Can some explain strategies for applying a datum system at a global level e.g. an entire car, plane?

[Tetragrammaton]

Hi All,

I am curious to understand the bigger picture as when we talk about applying GD&T, it always see to be at a micro/part level.
It seems like we are, understandably, always focused on the this fine detail at the part and assembly level.

What i would really like to know if anyone has anyone worked on seriously large project e.g. an entire car / truck / small-large plane / helicopter / boat / ship?
I would be really interested and appreciate hearing how such an undertaking was managed.
I am trying to imagine and understand how the global datum strategy was defined and what drove it.

Then how was this broken down to the further sub-systems etc? How is it pieced together and connected or is it not?
For connected-ness I can image both scenarios.
Meaning where there is a clear relationship between 2 or more systems then I expect depending on the function and relationship there would be a strategy that links them.

Can anyone with this sort of knowledge or experience step me through it, even it is initially top-level?
I would like to understand how the different sub-systems / module of the entire project where linked to each other and back to the top level, global system.

I am sure there must be something like this being done in industry but it seems hard to find knowledgable folk who can impart some insight into this.

Also if anyone knows of any online courses that teach about this higher level strategy planning approach I would be grateful to know more.
Even if it just 1 less/PDU that's part of another different course but covers this specific question, I would really like to hear about it.
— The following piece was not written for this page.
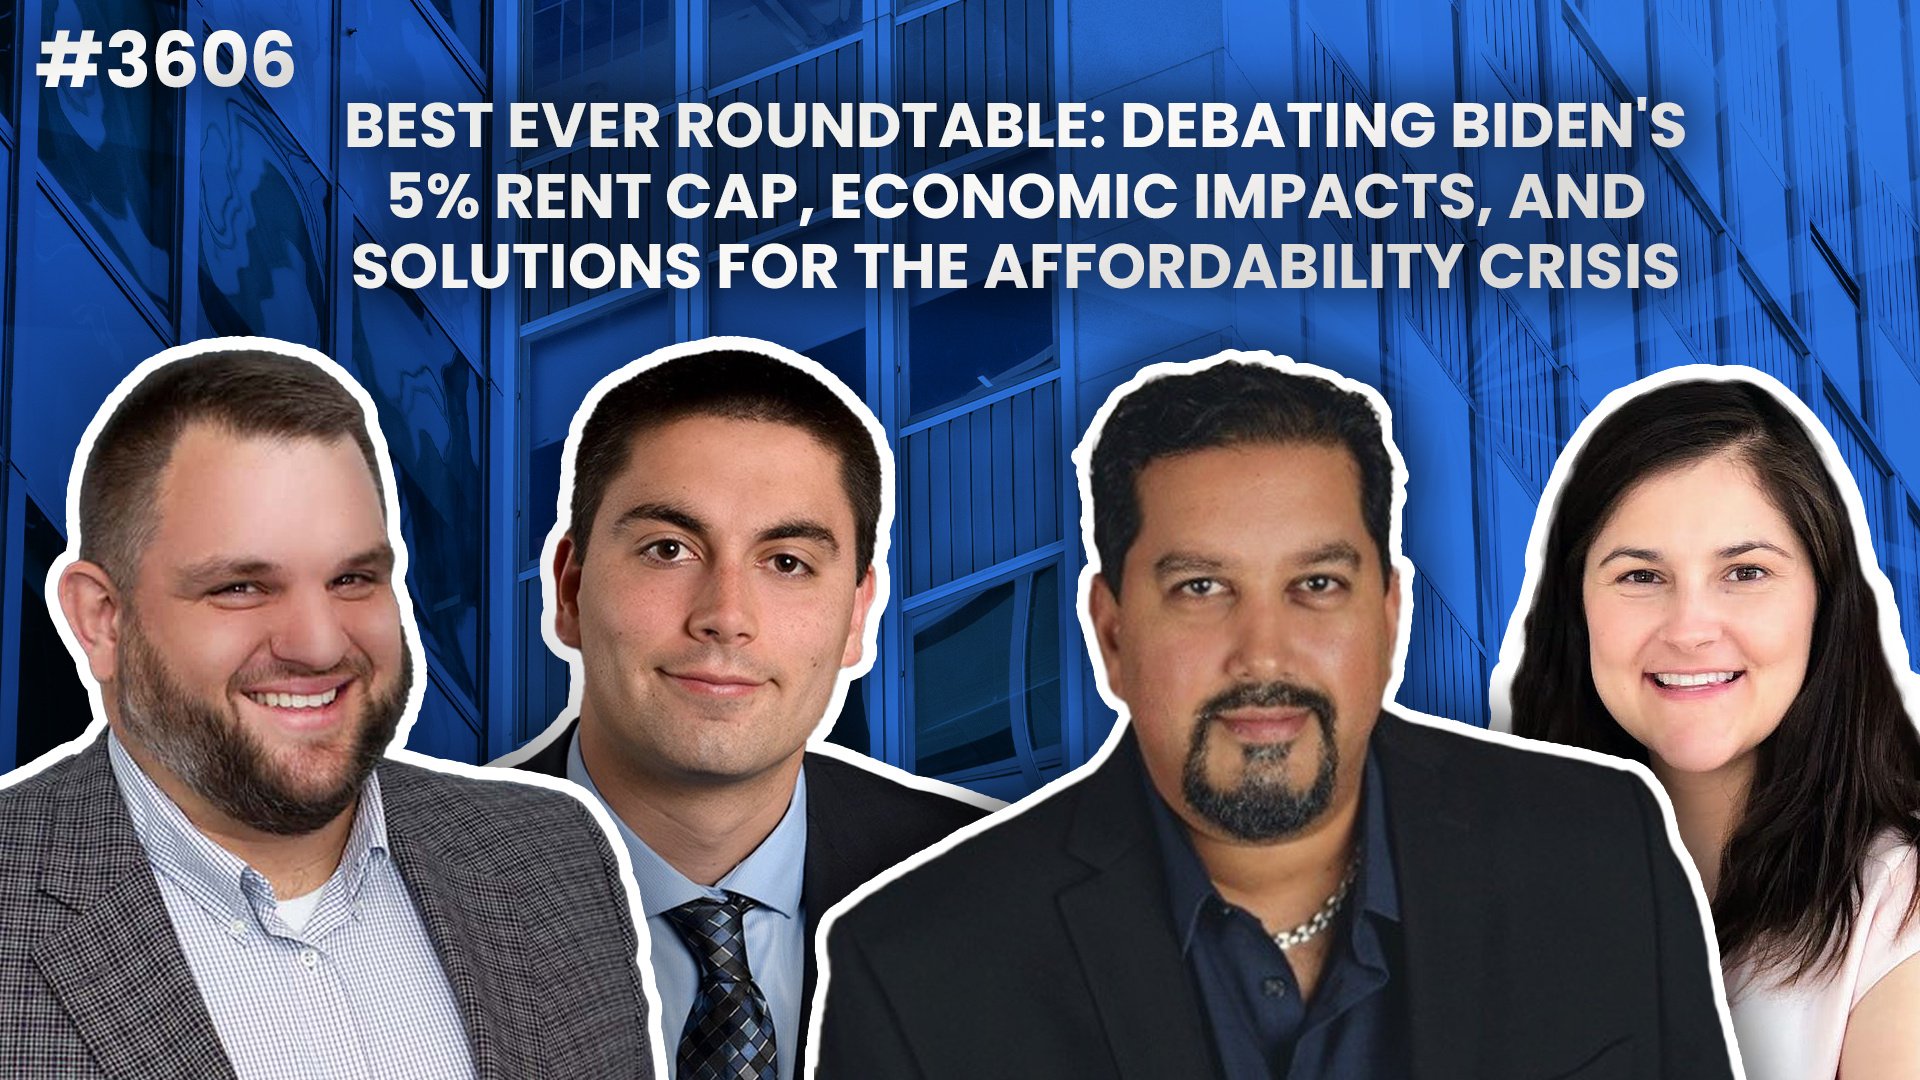 JF3606: Best Ever Roundtable: Debating Biden's 5% Rent Cap, Economic Impacts, and Solutions for the Affordability Crisis

So many thanks in advance for any insight and replies.

Best Regards

Tetragrammaton

 

[3DDave]

More later, but for right now, you establish a set of datum points/features that will be critical to positioning other major components for the body/frame. All these points will be where fixtures will hold the parts when the final assembly/welding/riveting is done. Then those interfaces are analyzed very carefully for acceptable variations such that loads induced by the assembly process won't significantly displace the datum points/features when the fixture is let loose.

This top levels set of datums establishes a framework for the entire finished assembly.

You will need to understand the process capability you are willing to pay for in order to design interfaces that don't exceed that ability.

 

[Tetragrammaton]

Many thanks 3DDave,

I did imagine something of that nature, that it would come from what can be achieved in production.
I have vague recollections about doing SPC (Statistical Process Control) studies and determining things like Cp, Cpk
But that was many decades ago since I was on the production line as a Manufacturing Eng.

I spoke with a few of the Structural Engineers and found out that the is datum system strategy that ties back to the Production tooling / jigging, which makes sense.
Obviously (for Aero, where I am) this is heavily tied into the the STA, WL and BL positions as reference as well to determine key locations / references for the main modules/systems.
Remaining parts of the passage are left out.